Start of Dataset excerpt

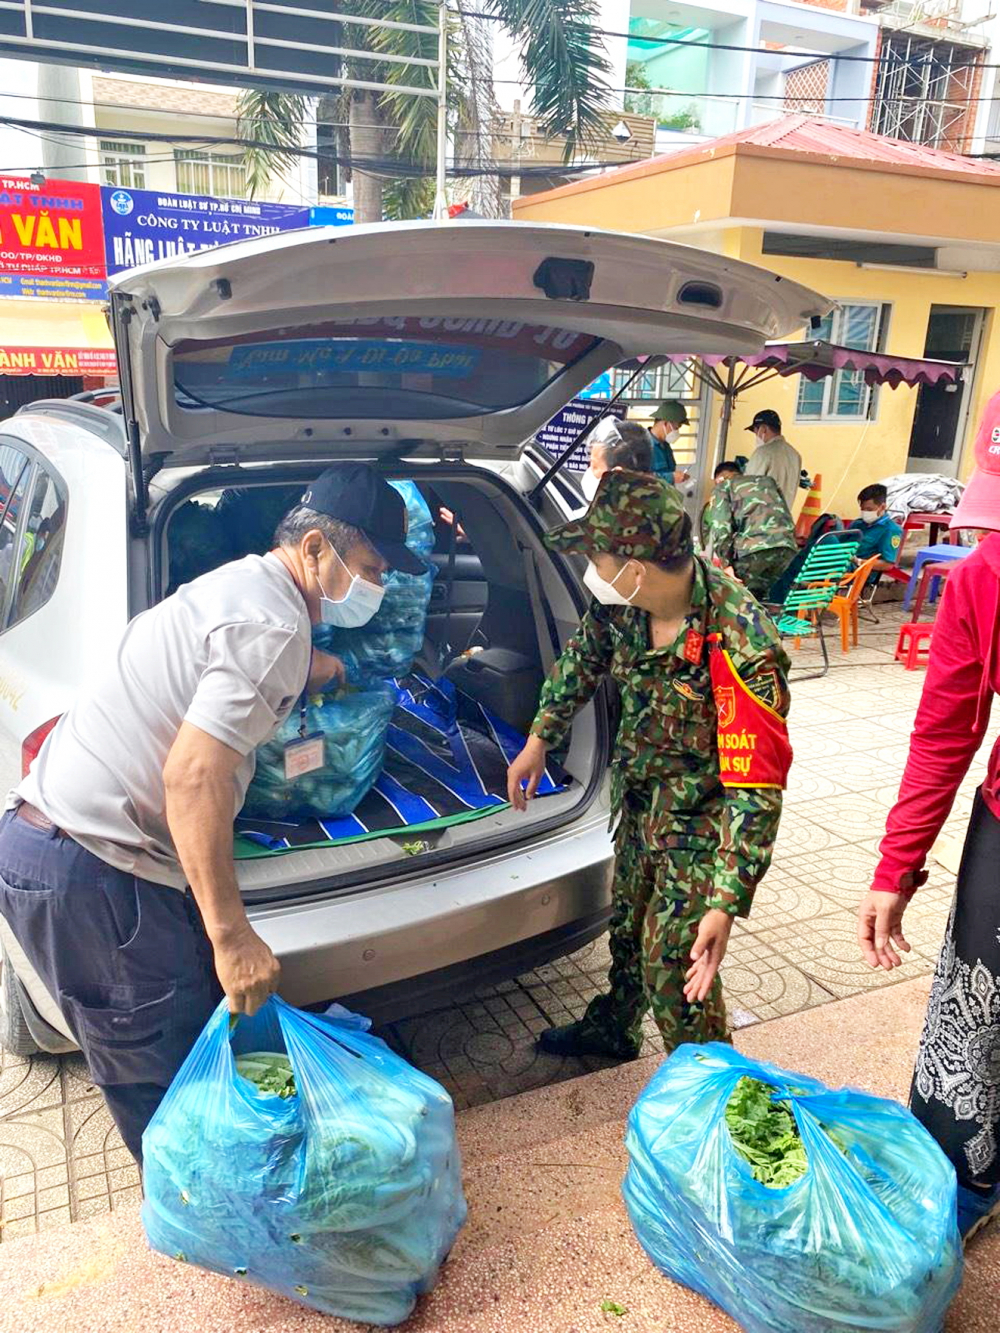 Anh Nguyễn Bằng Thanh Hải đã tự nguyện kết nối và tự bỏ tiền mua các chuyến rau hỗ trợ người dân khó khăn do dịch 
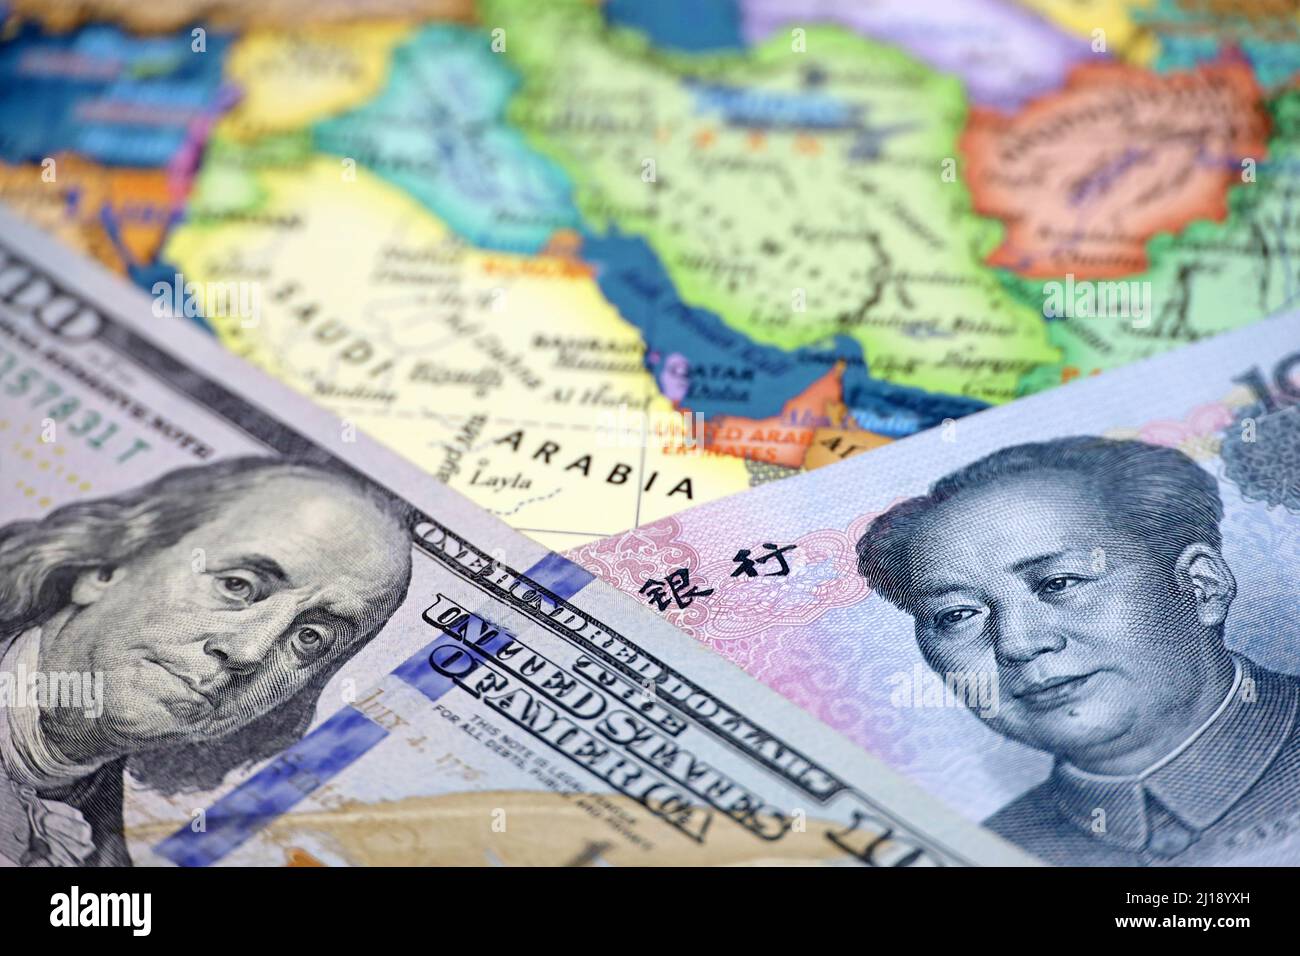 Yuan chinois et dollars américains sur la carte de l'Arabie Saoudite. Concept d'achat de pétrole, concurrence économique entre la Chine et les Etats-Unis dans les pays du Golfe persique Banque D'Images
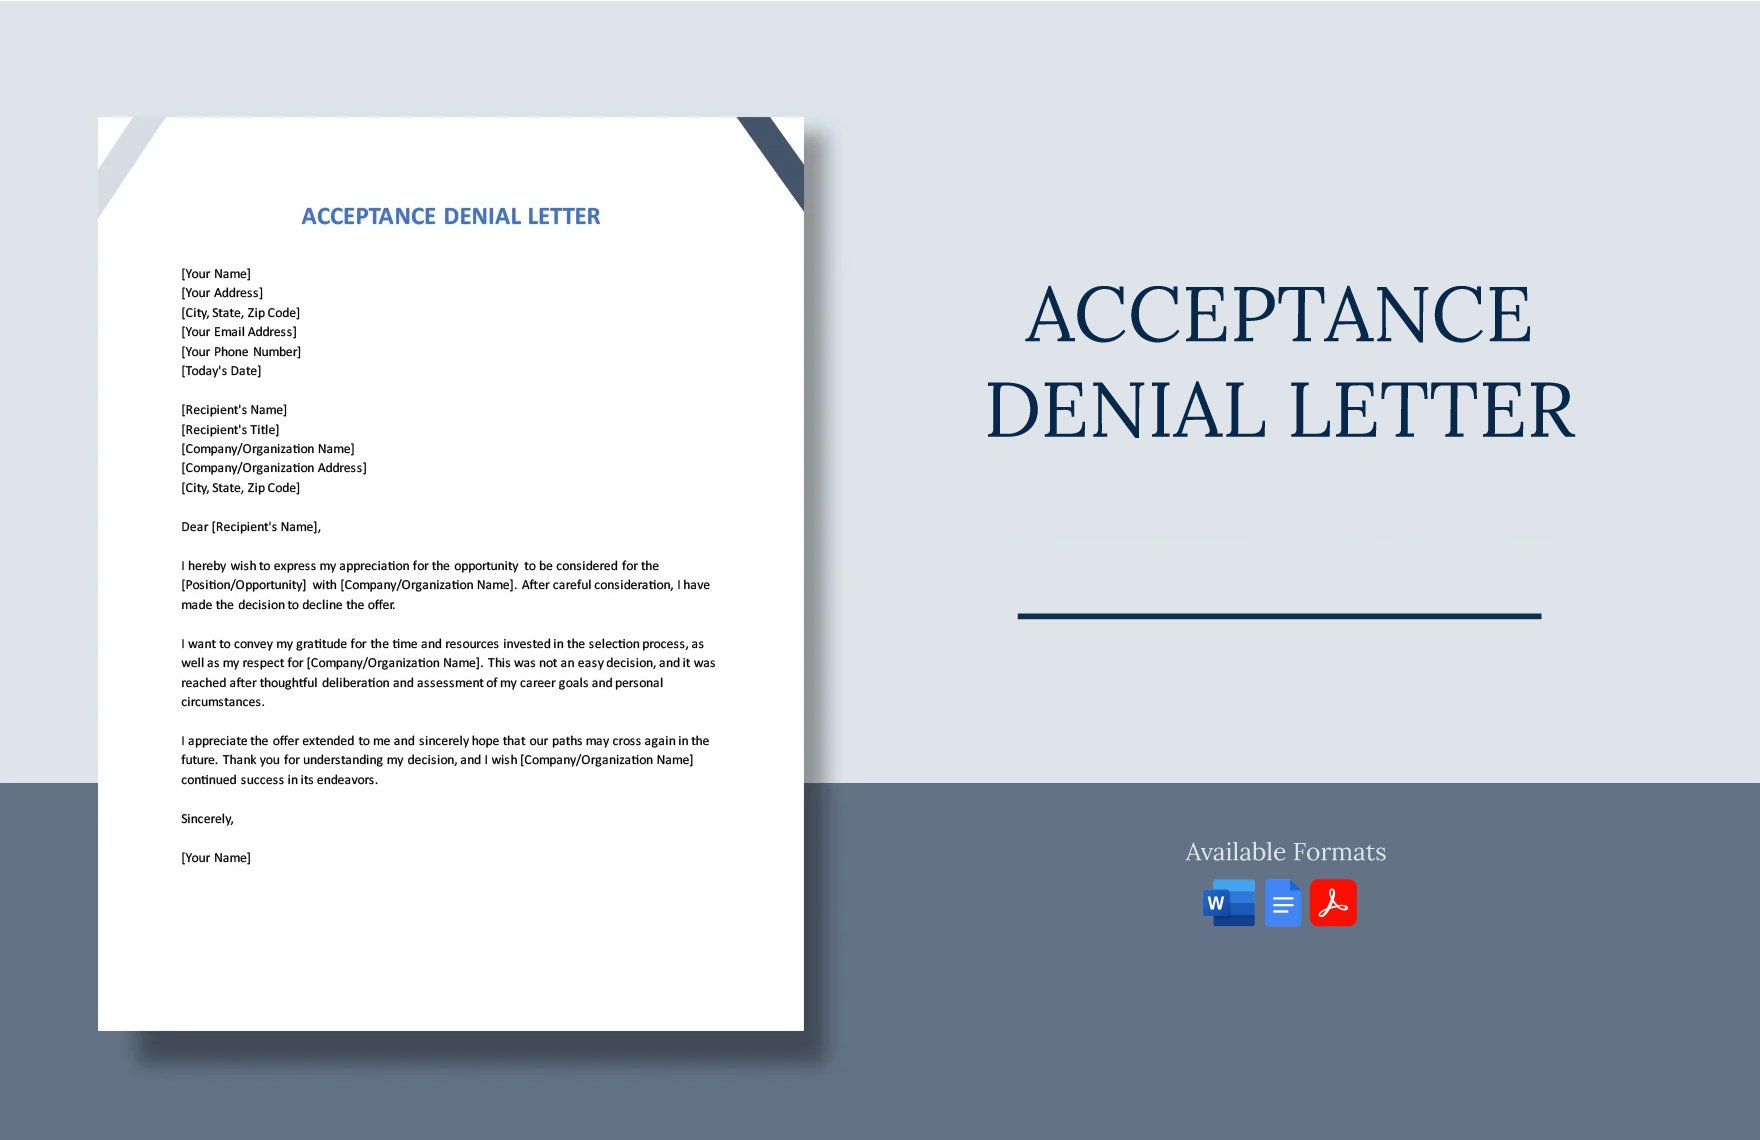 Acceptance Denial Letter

End of Dataset excerpt

Exercise instructions:
Pictures excluded, output exactly the line that contains "Yuan chinois et" and every line after it to the end of the data above.

Response box:
 Yuan chinois et dollars américains sur la carte de l'Arabie Saoudite. Concept d'achat de pétrole, concurrence économique entre la Chine et les Etats-Unis dans les pays du Golfe persique Banque D'Images
 Acceptance Denial Letter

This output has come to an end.